Purpose of review: The spread of the Western lifestyle across the globe has led to a pandemic in obesity-related metabolic disease. The Mediterranean diet (MedDiet), Okinawa diet (OkD) and Nordic diet, derived from very different regions of the world and culinary traditions, have a large whole plant food component and are associated with reduced disease risk. This review focuses on polyphenol : microbiome interactions as one possible common mechanistic driver linking the protective effects whole plant foods against metabolic disease across healthy dietary patterns irrespective of geography.
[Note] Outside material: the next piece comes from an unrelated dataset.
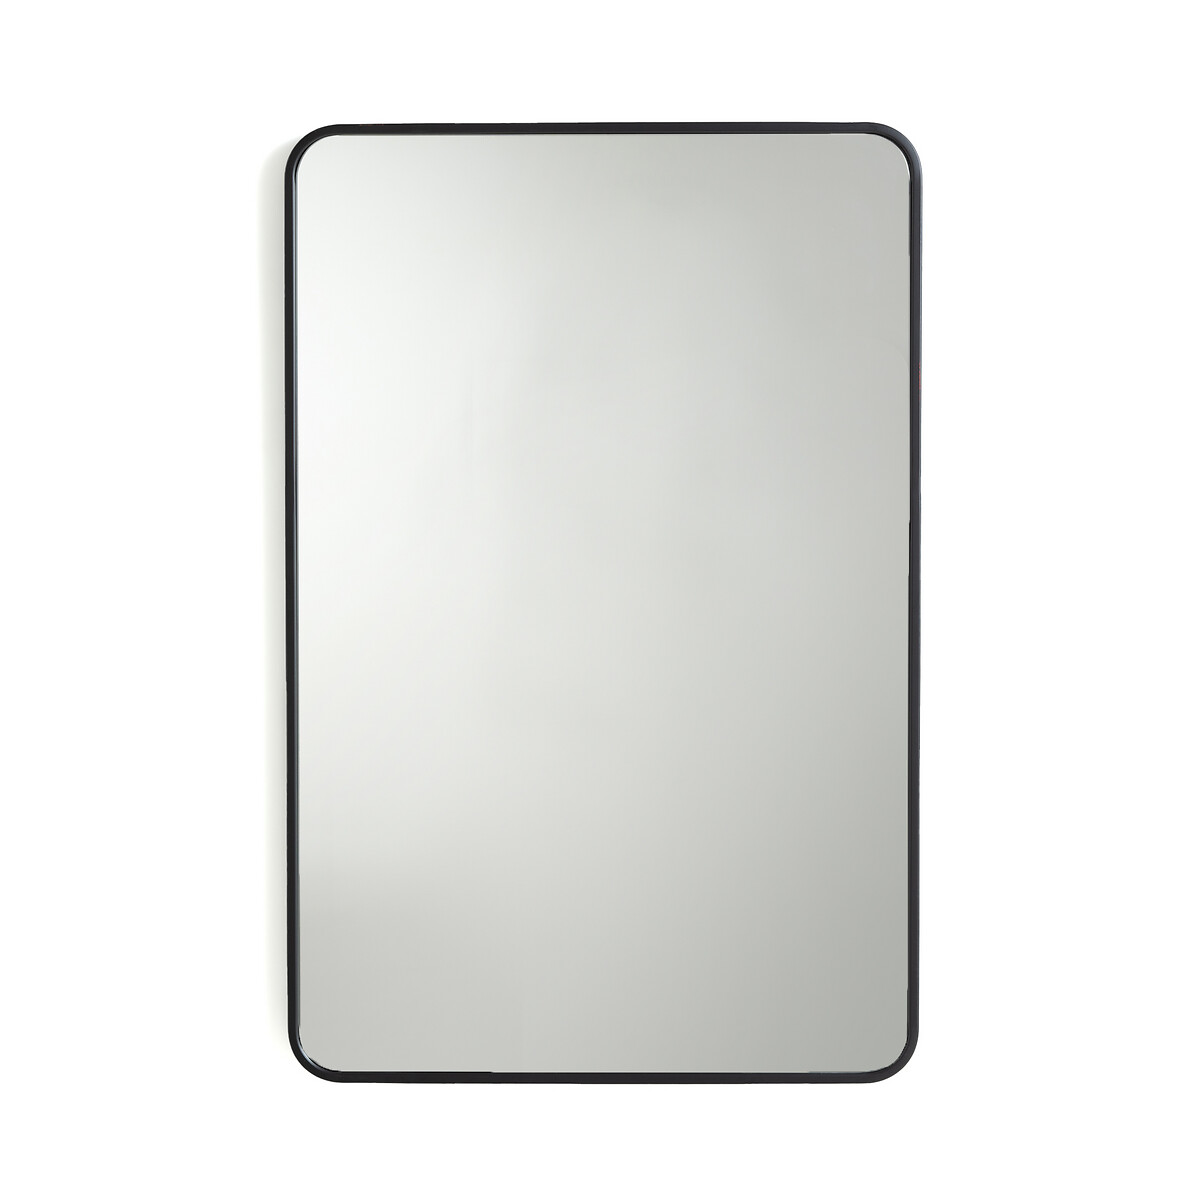 Зеркало с отделкой металлом В90 см Iodus единый размер черный зеркало круглое с отделкой металлом 90 см iodus единый размер черный

Recent findings: Although mechanistic evidence in humans is still scarce, animal studies suggest that polyphenol or polyphenol rich foods induce changes within the gut microbiota and its metabolic output of trimethylamine N-oxide, short-chain fatty acids, bile acids and small phenolic acids. These cross-kingdom signaling molecules regulate mammalian lipid and glucose homeostasis, inflammation and energy storage or thermogenesis, physiological processes determining obesity-related metabolic and cardiovascular disease risk. However, it appears that where in the intestine metabolites are produced, the microbiota communities involved, and interactions between the metabolites themselves, can all influence physiological responses, highlighting the need for a greater understanding of the kinetics and site of production of microbial metabolites within the gut.

Summary: Interactions between polyphenols and metabolites produced by the gut microbiota are emerging as a possible unifying protective mechanism underpinning diverse healthy dietary patterns signaling across culinary traditions, across geography and across domains of life.